A range of Stylosanthes species was introduced from Australia into tropical southern China in the early 1980s [5, 6]. Stylosanthes is well-adapted to the environment of Guangdong and Hainan province. A series of Stylosanthes cultivars has been grown by selective breeding, including S. guianensis cv. Reyan No. 2 in 1991, S. guianensis cv. Reyan No. 5 in 1999, and S. guianensis cv. Reyan No. 20 in 2010. Cross breeding is commonly used to improve the characteristics of Stylosanthes and overcome the time and labor limitations of selective breeding. Thus, the hybridity of new seedlings must be verified at an early stage to assure the uniformity and stability of the field performance and yield of the crop and optimize planting time and costs.
DNA molecular marker technology, which is based on sequence variations of specific genomic regions, provides a powerful tool for hybrid identification and seed verification. This technology has the advantages of time savings, reduced labor consumption, and higher efficiency compared with other methods [7–11].

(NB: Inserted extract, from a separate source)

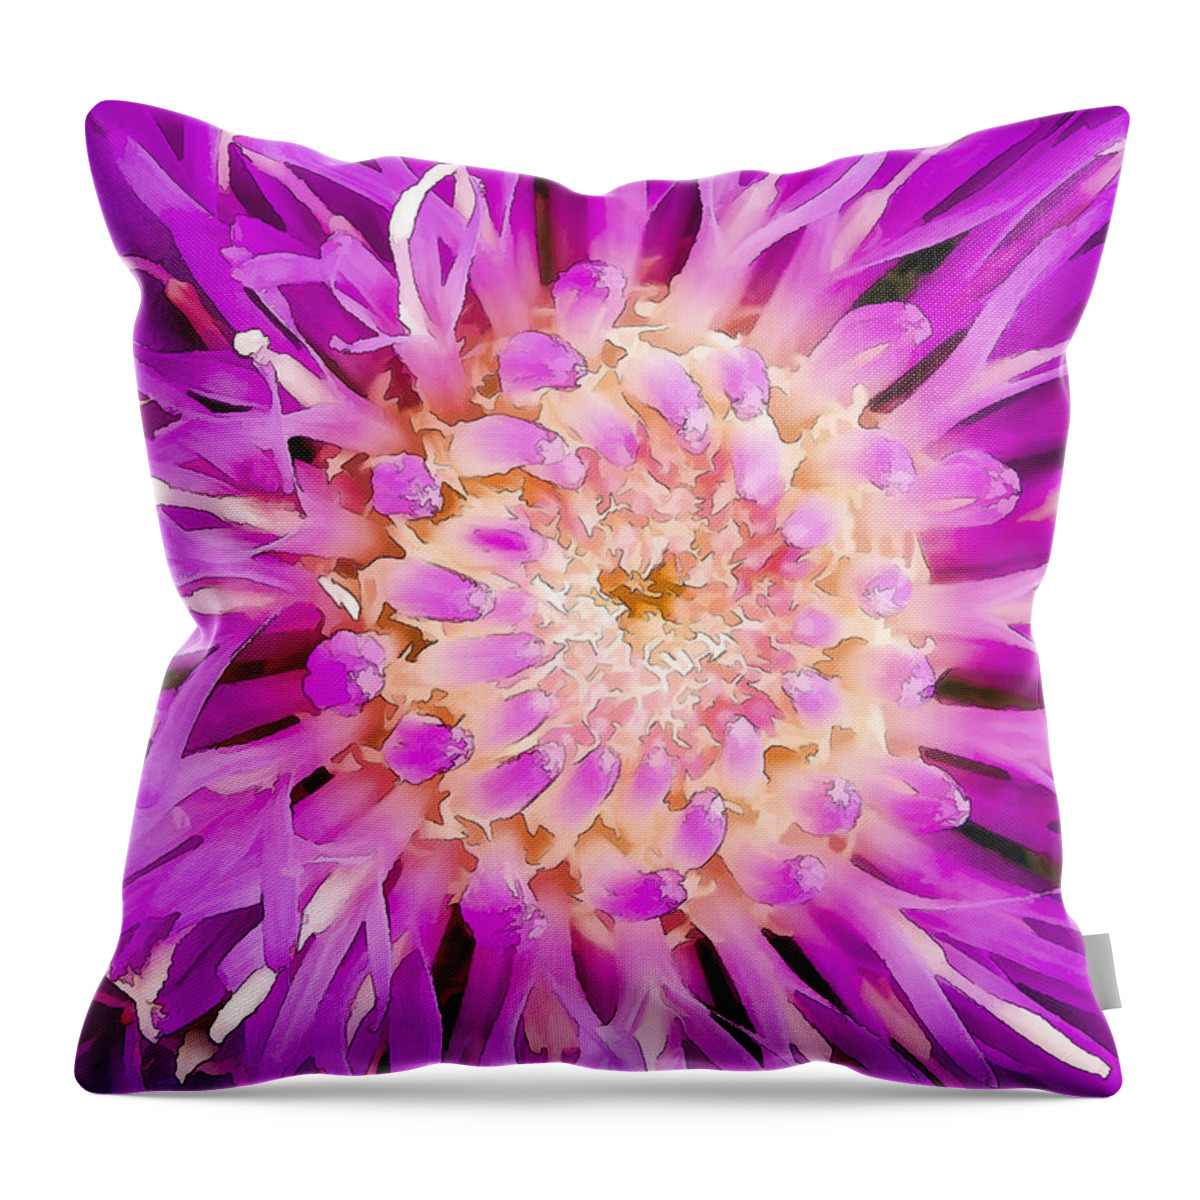 Flower Throw Pillow featuring the digital art Chantilly Lace by Janet Fikar

The main DNA marker techniques currently in application are restriction fragment length polymorphism (RFLP), random amplified polymorphic DNA (RAPD), amplified fragment length polymorphism (AFLP), simple sequence repeat (SSR), inter-simple sequence repeat (ISSR), and sequence-related amplified polymorphism (SRAP). SRAP preferentially amplifies open reading frames, which are coding sequences in the genome. SRAP can disclose numerous co-dominant markers with a large amount of polymorphic loci and allows easy isolation of bands for sequencing. It is based on two-primer amplification. The primers are 17 or 18 nucleotides long and consist of the following elements. Core sequences, which are 13–14 bases long, where the first 10 or 11 bases starting at the 5′ end, are sequences of no specific constitution (“filler”sequences), followed by the sequence CCGG in the forward primer and AATT in the reverse primer. The core is followed by 3 selective nucleotides at the 3′ end. The filler sequences of the forward and reverse primers must be different from each other and can be 10 or 11 bases long [12]. This technique can generate more polymorphic fragments that reveal genetic diversity than SSR, ISSR, or RAPD markers [13]. Ferriol et al. [14] showed that the information provided by SRAP markers is more consistent with the morphological variability and evolutionary history of the morphotypes than that obtained from AFLP markers. Therefore, SRAP markers are ideal molecular markers for genotype identification, map construction, gene tagging, and genomic and cDNA fingerprinting, such as in the diversity analysis of buffalo grass [13, 15, 16]. Thus far, few studies that use SRAP markers for true hybrid identification have been reported.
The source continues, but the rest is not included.